There is a latent heat in a second-order phase transition, but it is "spread out" over a sizable temperature range, as "extra" heat capacity over this sizable temperature range over and above the heat capacity that would have obtained in the absence of the second-order phase transition. In a first-order phase transition the heat capacity reaches an extremely high value on the order of (N^2)k (compared to normal heat capacities on the order of Nk) over an extremely tiny temperature range on the order of L/[(N^2)k] centered on the temperature T* where the latent heat L is equal to T*dS. This temperature range is on the order of L/[(N^2)k] rather than zero because the total entropy of a material undergoing a first-order phase transition plus its heat bath combined can by Boltzmann's relation between entropy and probability typically fluctuate to a value on the order of k below its maximum value. Thus there is a significant probability that the substance will be frozen if the heat bath is at temperature T* + L/[(N^2)k] or melted if if the heat bath is at temperature T* - L/[(N^2)k].

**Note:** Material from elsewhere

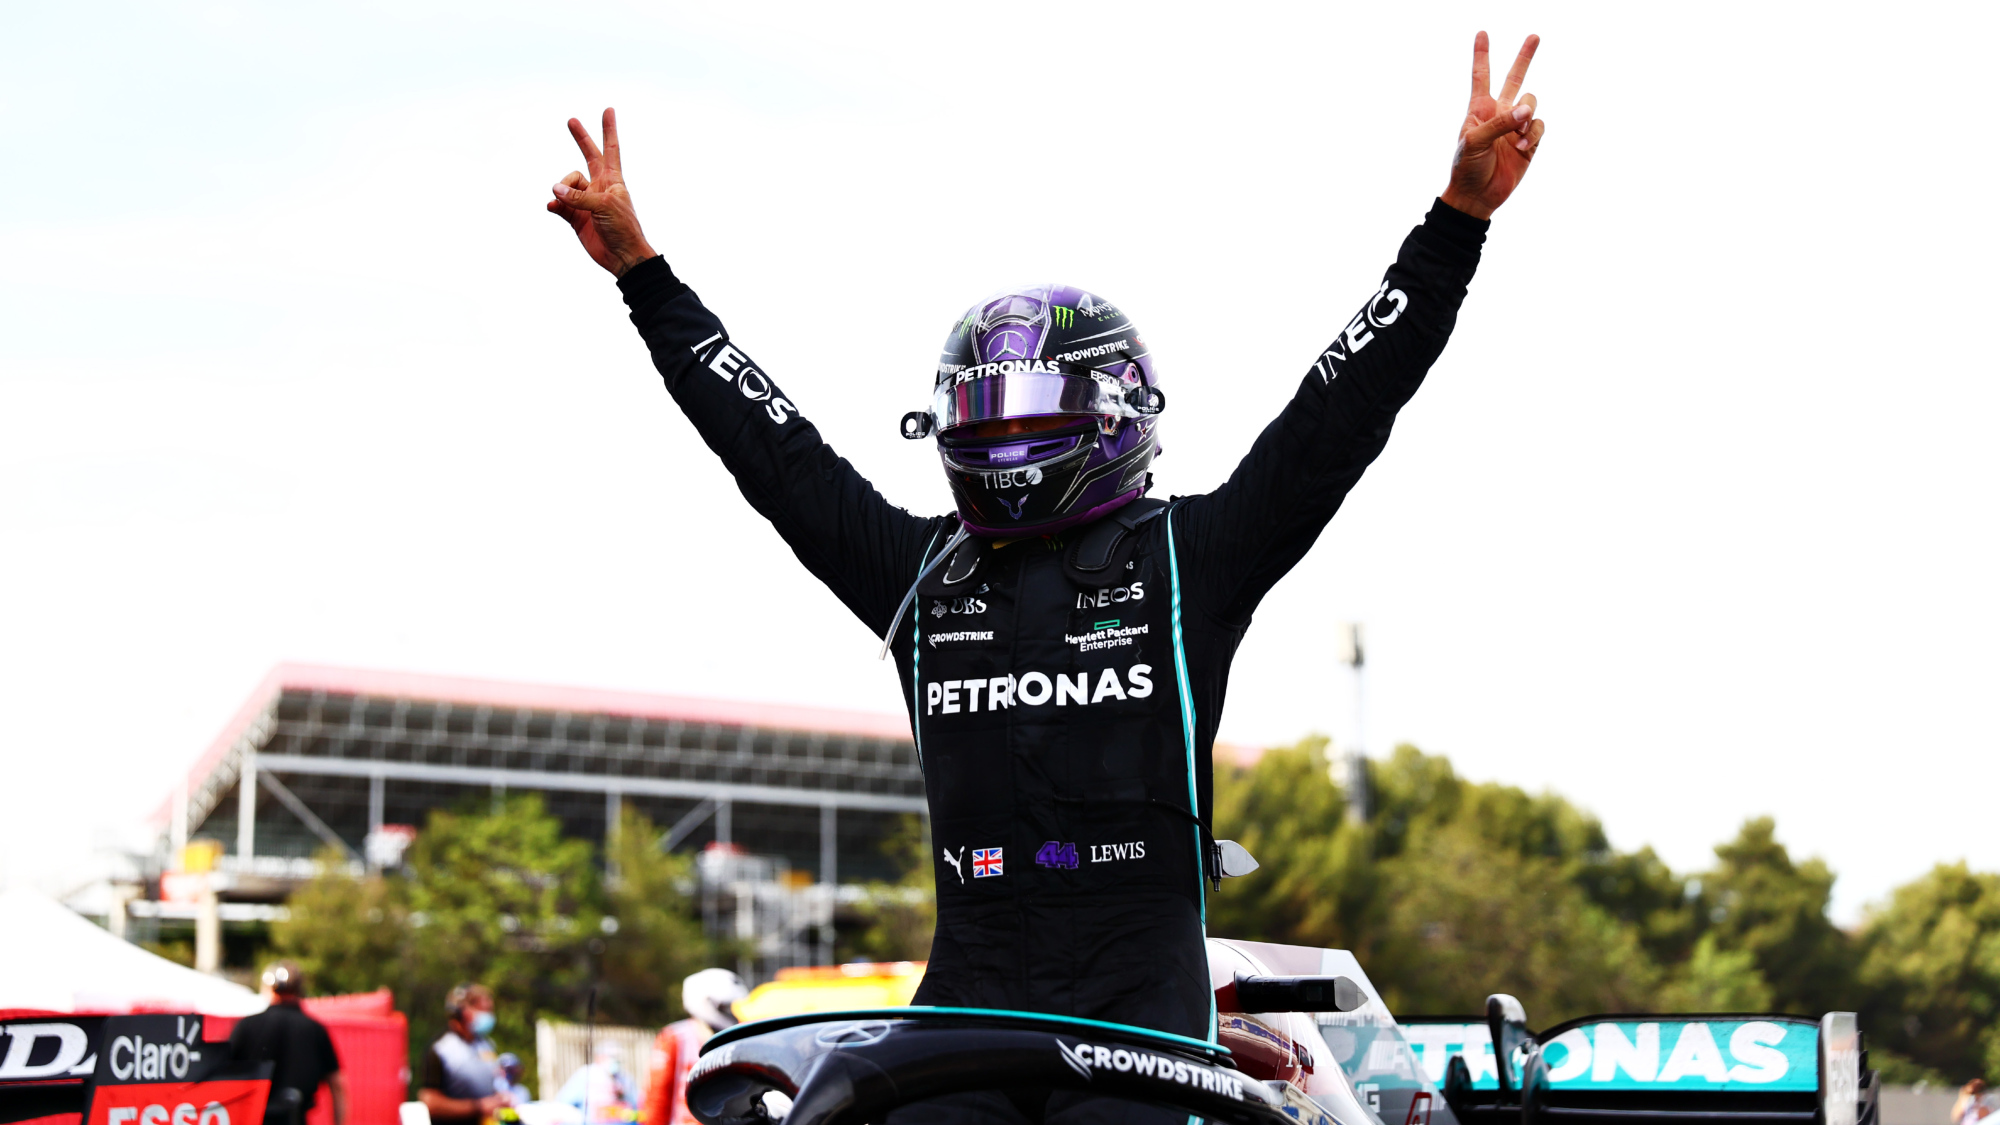 Lewis Hamilton, 2021 Spanish GP

Entropy: A concept that is not a physical quantity

https://www.researchgate.net/publication/230554936_Entropy_A_concept_that_is_not_a_physical_quantity

Following

The understanding(NOT definition) on heat and work( or say, process quantity) of the standard textbook IS WRONG !

The standard textbook says that

1) heat Q and work W are process quantities. This is right.

2)heat Q and work W(or say, process quantities) can not be the functions of system state variables. However, this is WRONG !

In fact, when the process path is fixed, the process variable is ALSO a state variable.

So,

on the one hand, heat Q and work W are process quantities.

on the other hand, when the process path is fixed, to the fixed process path, heat Q and work W are state quantities.

When we discuss the heat and work, what we discuss is just the heat and work of ONE process path, although it can be any one process path, but it is just ONE given(fixed) process.

All this time, people thought that dQ was not a complete differential, but dQ/T was considered as a complete differential.

However, this is wrong.

The facts are just the opposite: dQ is actually a complete differential, but dQ/T is meaningless.

in ΔQ/T, the relationship of Q and T is the ratio of ΔQ and T or the product of 1/T and ΔQ, so, in ΔQ/T, Q and T can be any relationship.

But in dQ/T, the relationship of Q and T is not the ratio of dQ and T or the product of 1/T and dQ, but the relationship to Find the Original Function of 1/T in dQ/T=1/TdQ.

For we know Q is not a single-valued function of T, (in fact, Q=f(P, V, T) ), so, ΔQ/T can NOT turn into dQ/T, or say, dQ/T is meaningless.

The problem is not whether dQ is meaningful or not here, it is 1/TdQ is meaningless !

Q = f(T, V, P) is a process quantity which varies with path, it has innumerable forms between the same original and terminal states, and has a unique form for fixed reversible process path. When the given path is fixed, Q = f(T, V, P) is the system state variable.

So, dQ=df(T, V, P) is a perfect differential, it is meaningful;

but the integral variable of 1/TdQ is self-contradictory (T and T, V, P), so, 1/TdQ=1/Tdf(T, V, P) is meaningless, that is ∫T 1/TdQ = ∫T 1/Tdf(T, V, P) is not a meaningful integral, or say, it is not a integral at all.

That is, ΔQ/T can NOT turn into dQ/T,

there is not the result∮1/TdQ=0 at all.

The so-called "entropy" does NOT exist at all.